Organ donor stickers
April is recognized nationally as Donate Life month. (Photo Courtesy of PAcast)

BETHLEHEM TWP., Pa. - A Lehigh Valley man is one of the longest-surviving kidney transplant recipients in the country. 

Michael Seidick was 9 when he became the first Lehigh Valley resident to receive a pediatric kidney transplant in 1978.  A few years later, that kidney failed and he received another as a teen.

Now, more than 40 years later, the Whitehall resident is raising awareness about the importance of being an organ donor. 
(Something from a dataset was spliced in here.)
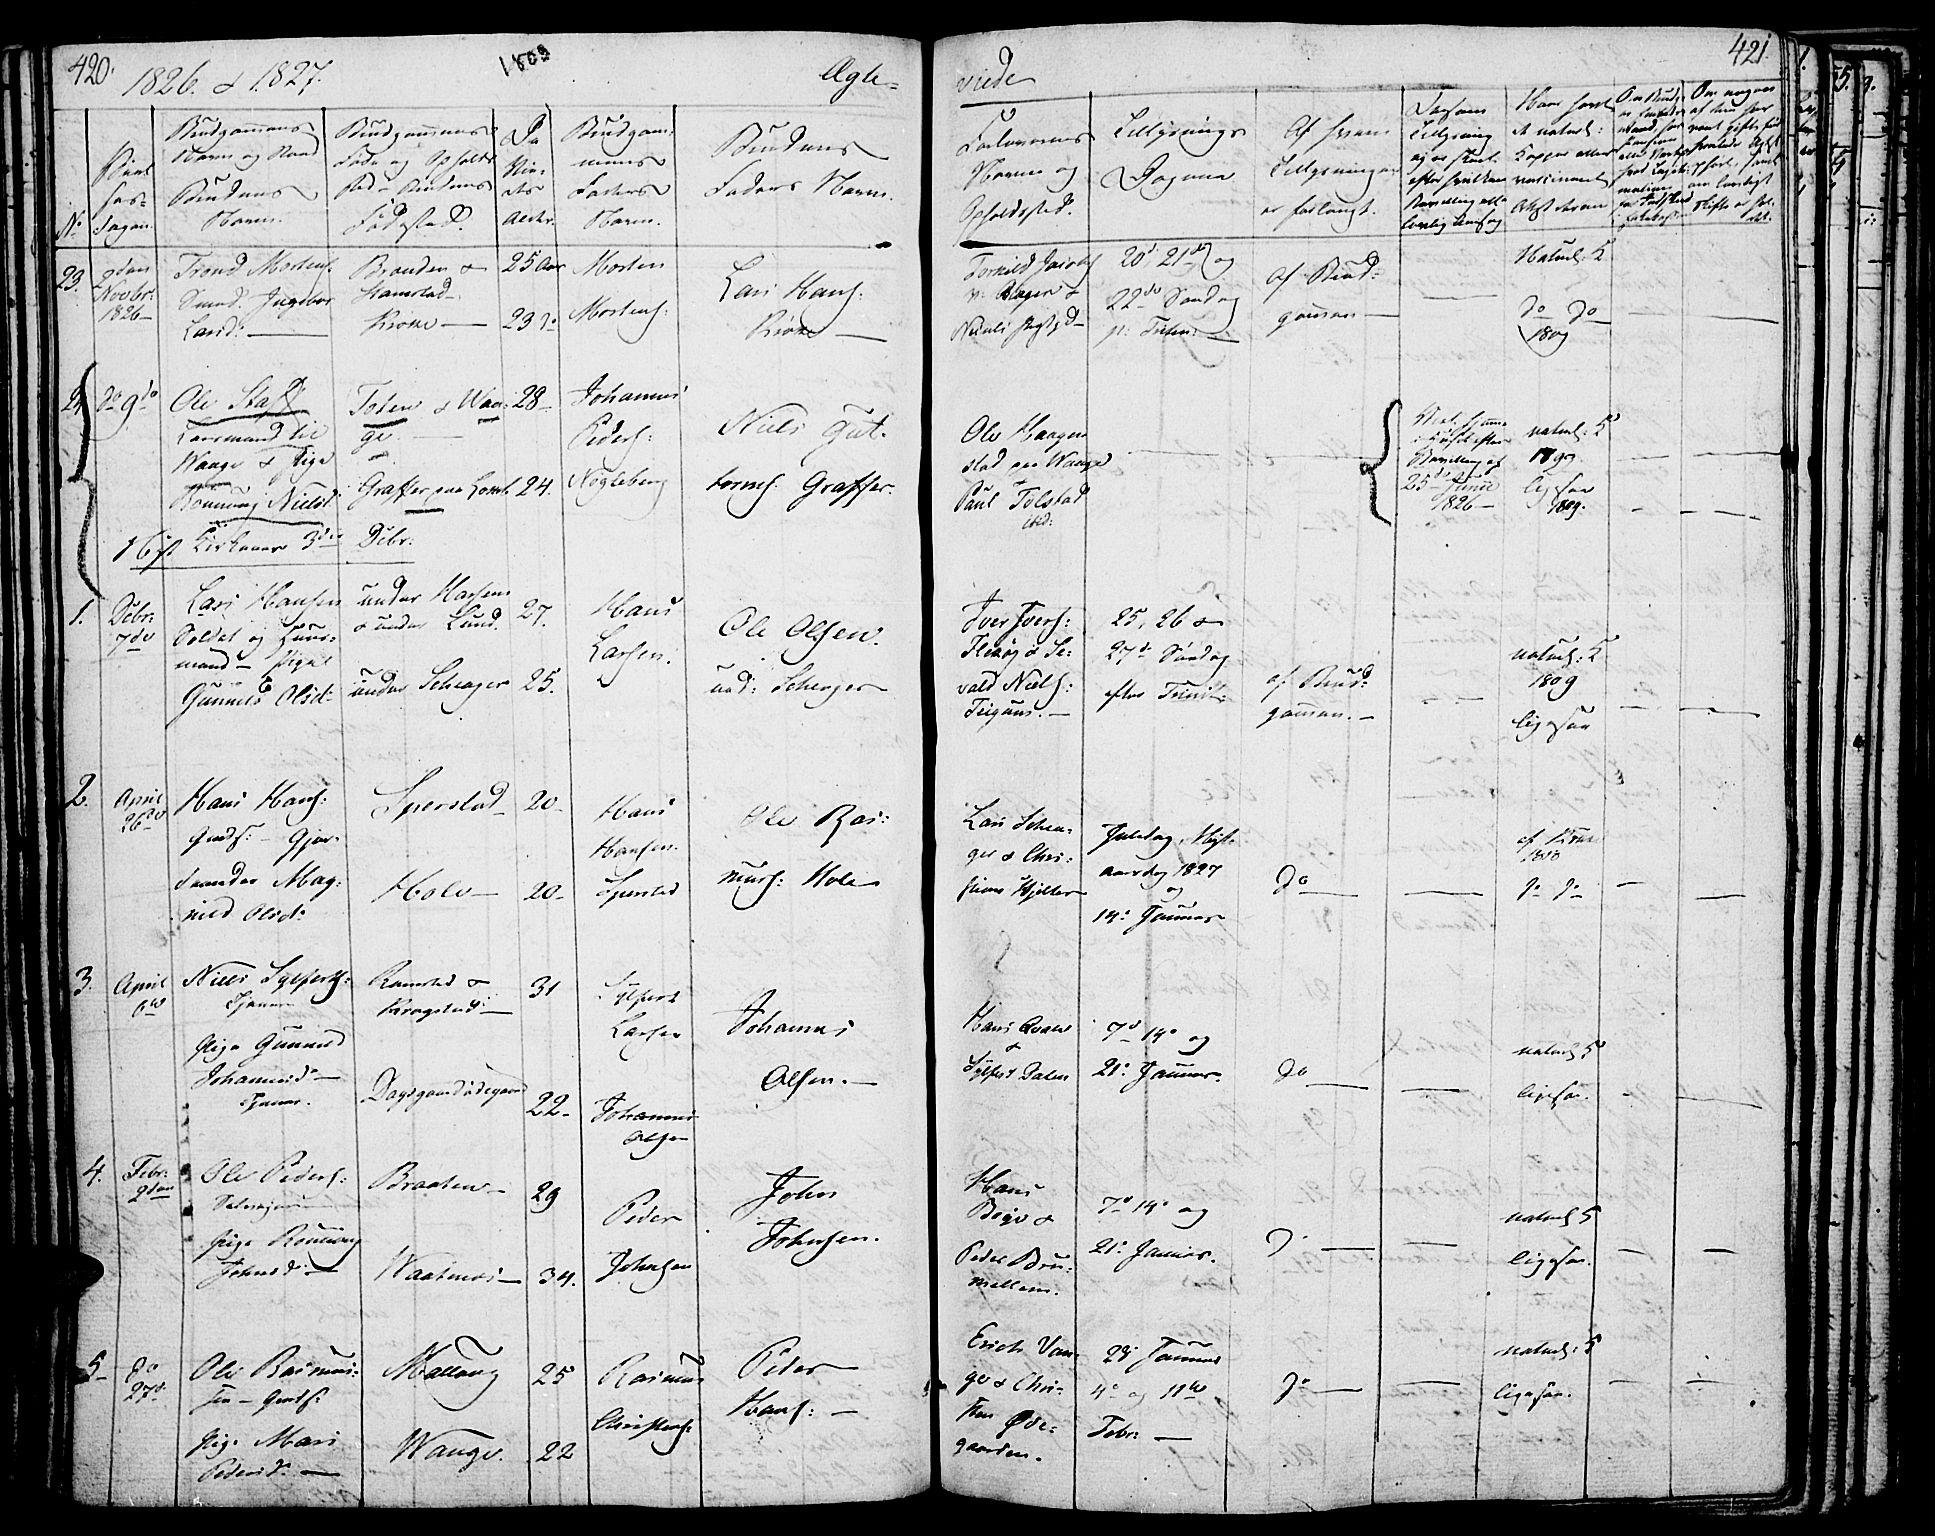 SAH, Lom prestekontor, K/L0005: Ministerialbok nr. 5, 1825-1837, s. 420-421

“You will give a gift that's going to keep on giving," said Seidick, a golf pro at Green Pond Country Club in Bethlehem Township. "I have three children. "They would not be here without my two transplants.”

Kidney-recipient
Michael Seidick was 9 years old when he became the first child in the Lehigh Valley to receive a kidney transplant in 1978. (Photo courtesy of Michael Seidick)

More than 100,000 people are on the waiting list for an organ transplant in the United States, according to the Organ Procurement and Transplantation Network.

Seidick received his kidneys through the Gift of Life donor program. President Rick Hasz says one organ donor can help up to eight people, and a tissue donor can help more than 100. 

“Being an organ donor is really one of the last acts of human kindness that you can really do after you die,”  Hasz said. The easiest way to become an organ donor is by opting in while getting a driver's license, he said.

Statistics show that although about 90% of adults in the U.S. support organ donation, only 60% are actually organ donors. April was recognized nationally as Donate Life month.